The impression was given more from random one-off comments that were clearly optimized for poetry rather than factual/moral accuracy. So it's very possible I got the wrong impression. But I've heard a lot of noise about eliminating death, and basically zero noise about fixing overpopulation.
There's nothing wrong with trying to do both, but we should be working at least as hard at solving overpopulation as we are on increasing lifespan. I realize that most people here are probably not actually going to contribute to either of those fields, but a disproportion fixation on anti-aging seems dangerous to me. Are the cryonics proponents here making an effort to use minimal resources and take up minimal real estate?
Have you read Robin Hanson's writings on the economics of uploads?
I haven't. Can you provide a link?
Hanson's IEEE Spectrum article is a good start. See also this discussion on Overcoming Bias and its followup. There are also numerous other posts in OB archives discussing these issues; some of them are under the tag "ems."
The economist Nick Rowe recently wrote another good analysis along similar lines.
Periodically in discussions of cryonics and related issues, people bring up "the overpopulation argument, and the counterarguments that respond to it" without actually describing those arguments in detail. Overpopulation was a big concern of mine prior to exposure to anti-deathism. And so far, it still is. I have no philosophical problem with eliminating death, but it seems to me that getting rid of death BEFORE we eliminate all the other major problems facing humanity is going to make those problems much worse. Death is an enemy that should be vanquished, but it's not an enemy I'm prepared to destroy until I'm satisfied that we'll be able to handle the consequences.
If death is solved via uploads running at high speed, I'm not too concerned. (Still a little concerned, since computers still take up space, but the issue is close enough to negligible that I'm fine ignoring it).
If we're dealing with physical humans taking up physical space requiring physical resources, then I'm worried. Either we're growing exponentially, or we've eliminated childbirth, or we have strict rules in place about people who have children being willing to die. (The latter might work but modifying central aspects of the human life cycle that we are hard-wired to value seems.... challenging, to say the least)
The sense of I've gotten around here is that "exponential growth is okay, because Space is Big". Space certainly is big, and I imagine we could expand for a long time without running into conflict.
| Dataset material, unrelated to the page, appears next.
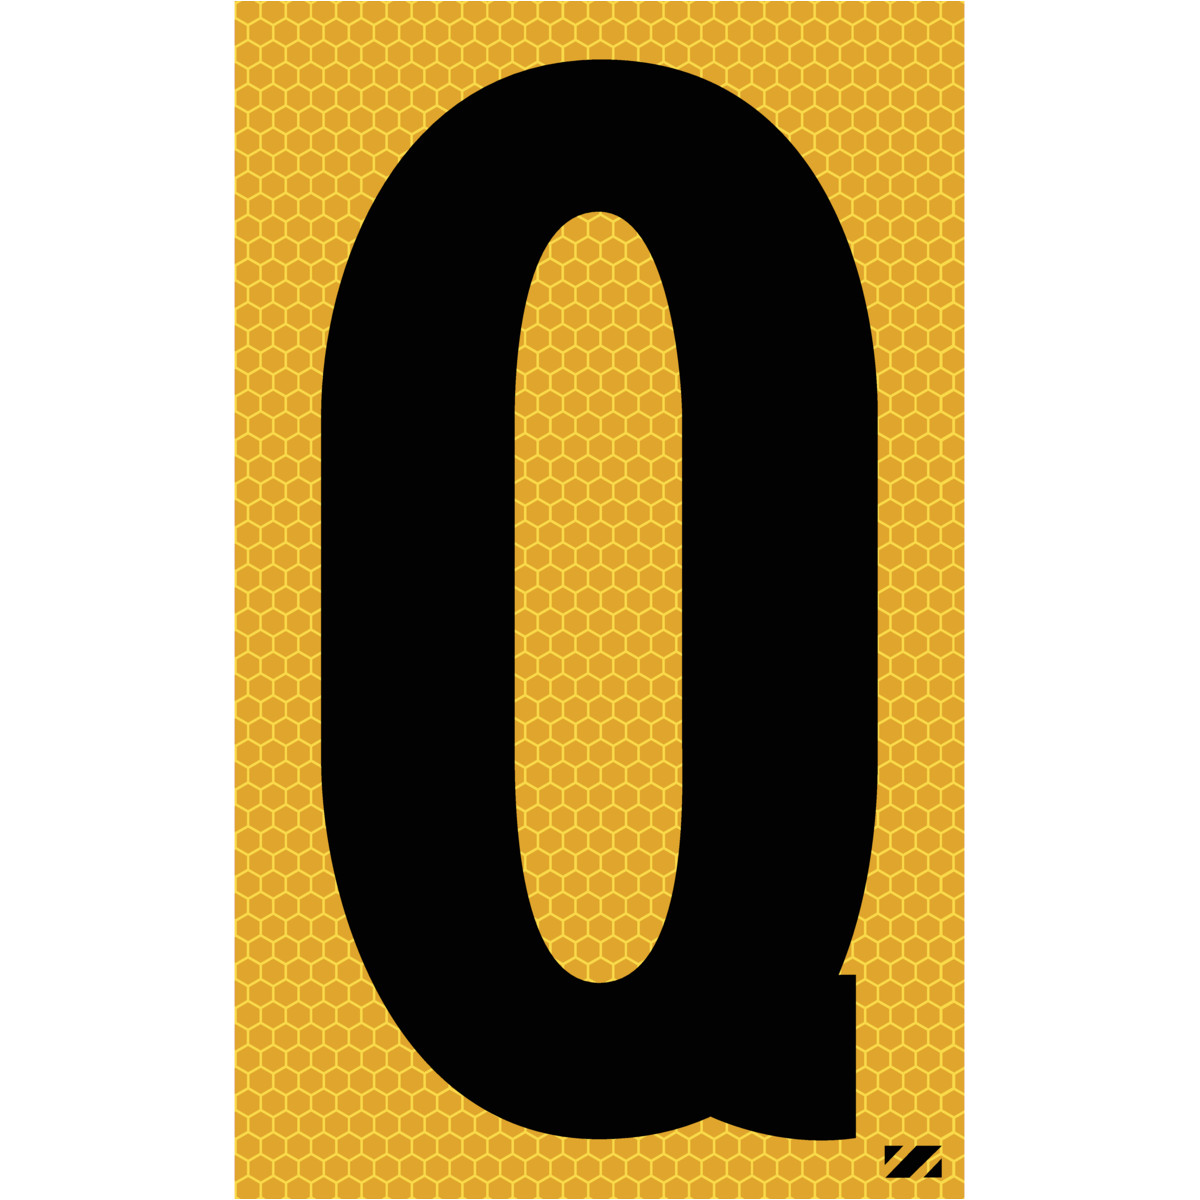 2.5" Black on Yellow SunBright® Reflective "Q"
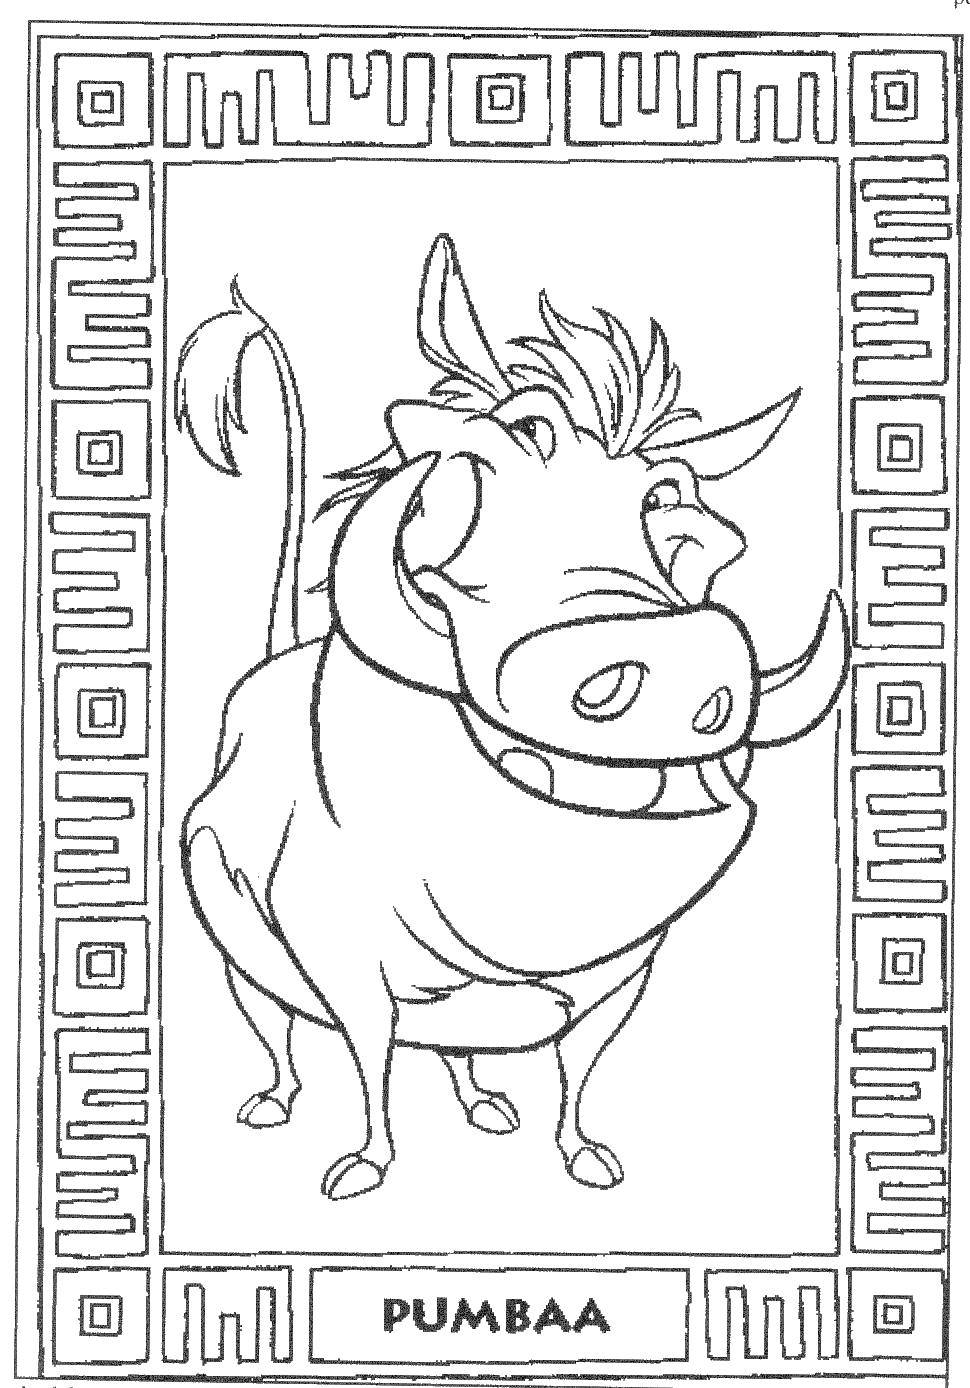 Coloring Happy Pumbaa. Category Cartoon character. Tags:  Cartoon character.

But if there's even one other alien race who solves their problems the same way (expanding whenever they run out of space or resources), then eventually there's going to be conflict. And the longer we go BEFORE that conflict, the more human suffering it might entail. I'd prefer to have achieved equilibrium as a species beforehand.
I want to expand into the universe, but I think we should do so out of *curiosity* rather than *necessity.*
I assume there's been a lot of discussions about this and I don't want to rehash them. But if someone could summarize the issues at hand and explain what the community consensus is, I'd appreciate it. ("Community Consensus" might mean "there are a few dominant schools of thought here").
Edit: FAWS pointed out that as long as, on average, each person reproduces slightly less than once, growth will not continue exponentially. That's pretty much the answer I'm looking for. The logistics are still significant, but in the long run I think such a law would be enforcible. (Each person only gets to reproduce once, and some people will choose not to. I think there'd need to be an additional disincentive, because over the course of an immortal lifespan, people are likely to try out childrearing at *some* point).
I still think that the issues surrounding overpopulation should occupy at least as much of our attention as ending death (basically ensuring that people are given adequate resources to live healthy, productive lives).